Embedded Submission Form
You can embed the HackerOne report submission form onto your own website. This enables hackers to submit reports without having to create an account on HackerOne. This also provides hackers with an easy way to submit security vulnerabilities without having to search for the VDP or security policy. With embedded submissions, anyone can submit a report to the program and hackers also have the option to anonymously submit reports.
If you have signal requirements set up for your program, please note that the embedded submission form bypasses all signal requirements that've already been set up. Hackers who don't meet signal requirements will still be able to submit vulnerabilities to your program through the embedded submission form.
To have an embedded submission form on your website:
- Go to Program Settings > Embedded Submission Form.

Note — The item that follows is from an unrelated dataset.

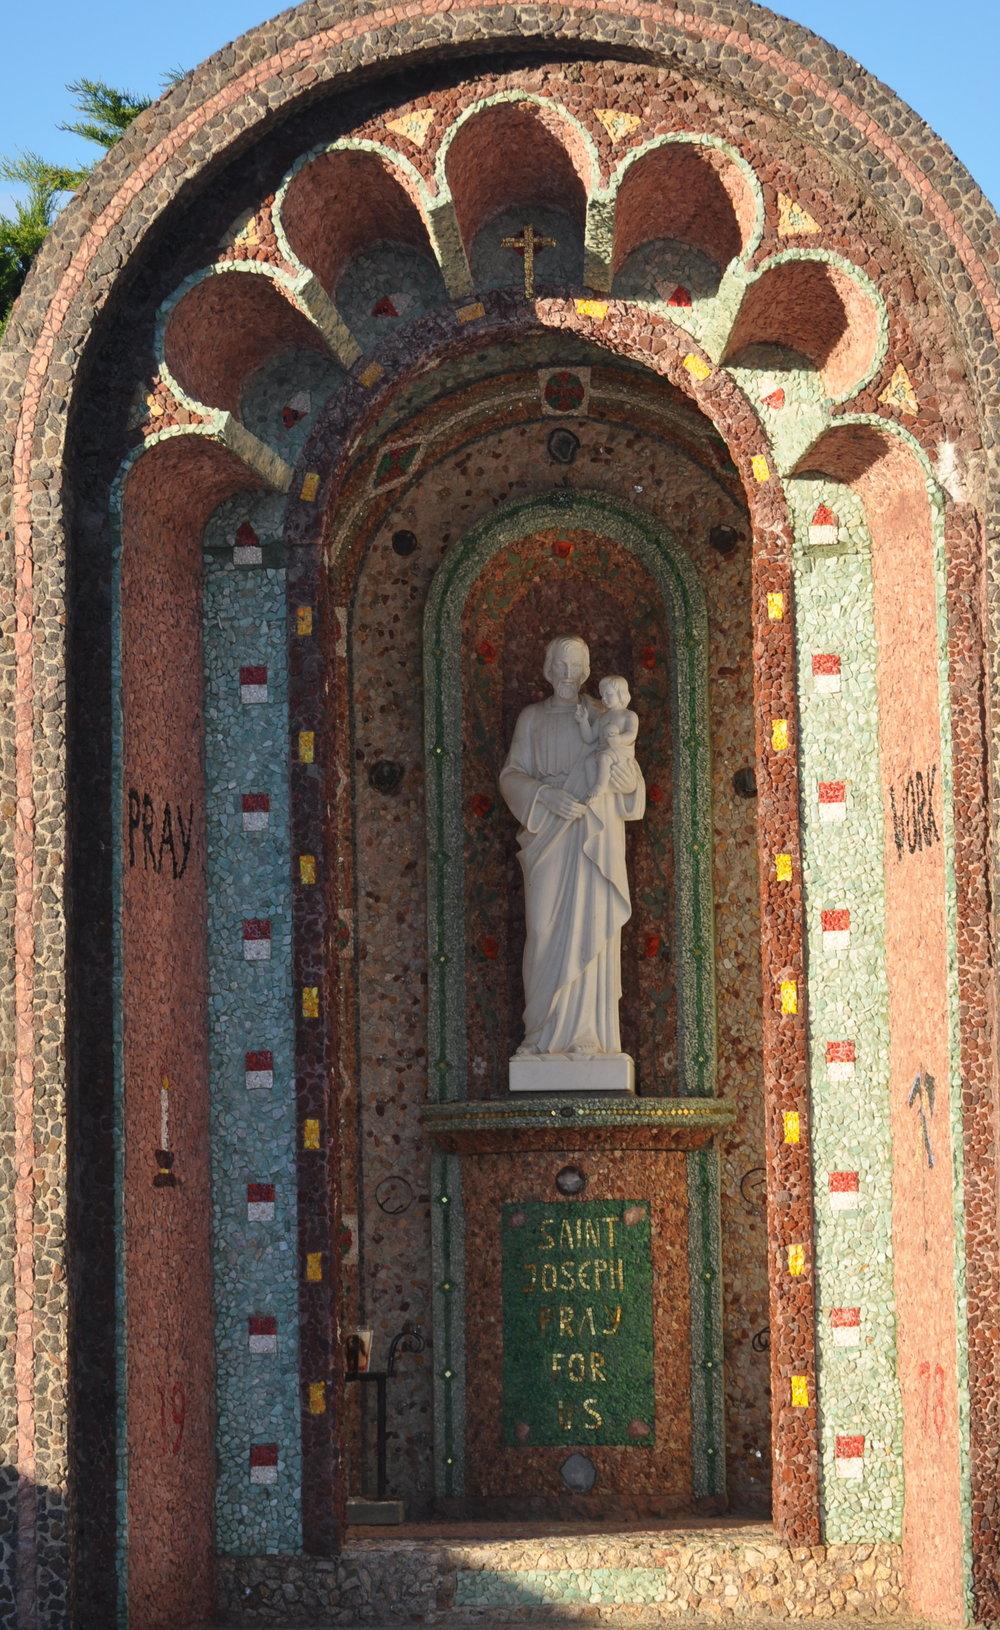 Grotto of St. Joseph
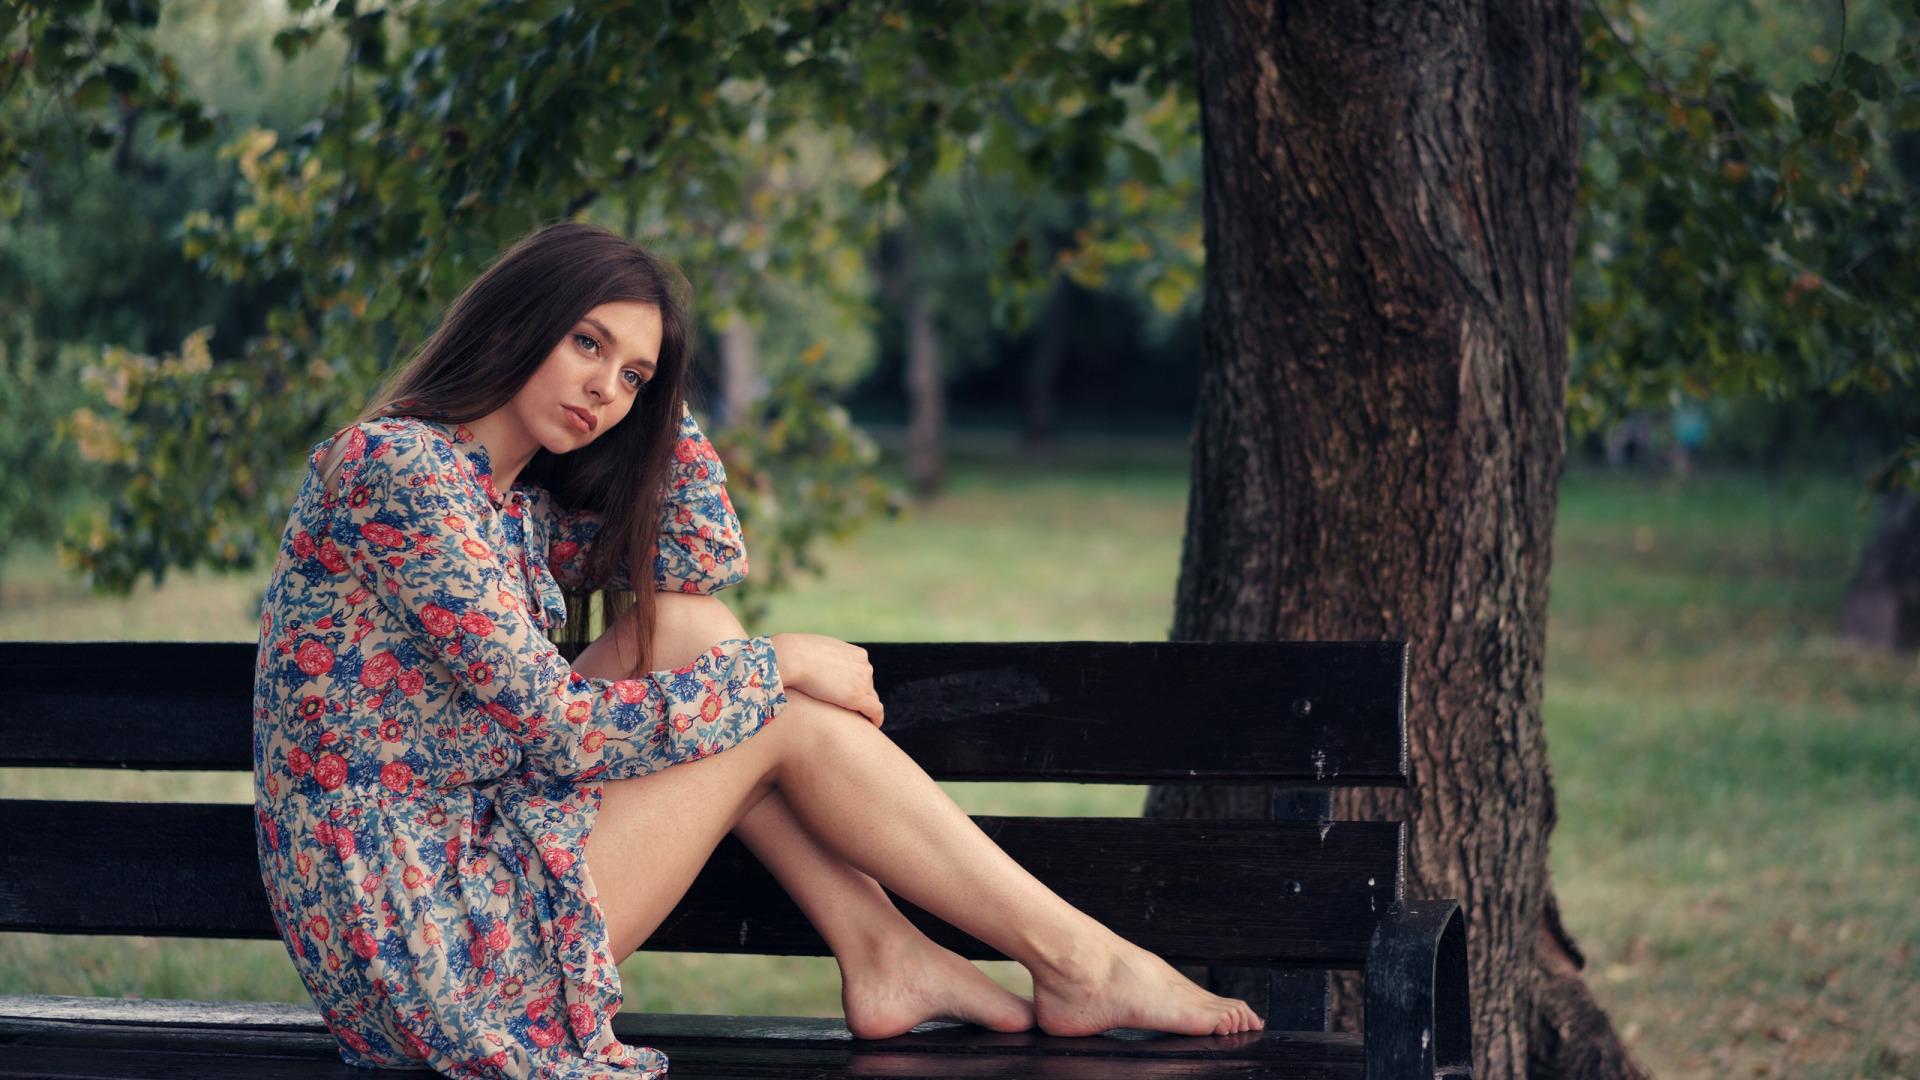 https://img5.goodfon.ru/original/1920x1080/5/a3/devushka-plate-nozhki-sidit-skameika-park-sergei-churnosov.jpg

- Identify the domains where you want the submission form to be embedded on the Embedded Submission Configuration form. You must add a Fully Qualified Domain Name (FQDN). You can add up to 100 domains.
Note: The url within the script contains a UUID (e.g. 25ab901d-7cea-481b-8ac2-c16b7d10d577). This UUID is used by the embedded page to grant users access to submit reports to your program. Any user with access to the UUID will be able to submit reports. It’s important that you're careful with disclosing this UUID if you want to restrict access to submissions.
Once the integration has been set up, the HackerOne report submission form can be accessed directly on your site. Hackers don't need to access your HackerOne policy page to submit reports, but they can access the report form right from your site. Check out monday.com's embedded submission form as an example.
When hackers submit reports through the embedded form, the form automatically detects if a hacker is signed in to HackerOne and allows them to submit a report. If a hacker isn’t a member or signed in, they can provide their email in the email field to receive status updates on their report.
Anonymous submissions will always remain anonymous and can’t be claimed later for reputation or bounties. If an email address is provided, HackerOne will be able to check if an account exists with that email on HackerOne and send the hacker an email to claim the report or to create an account to claim the report.
It's recommended that you include a short description of how embedded submissions works on your submission form page so that hackers can understand the submission process. Alternatively, you can include a link to your policy page or directory page that explains your policy on submitting vulnerabilities.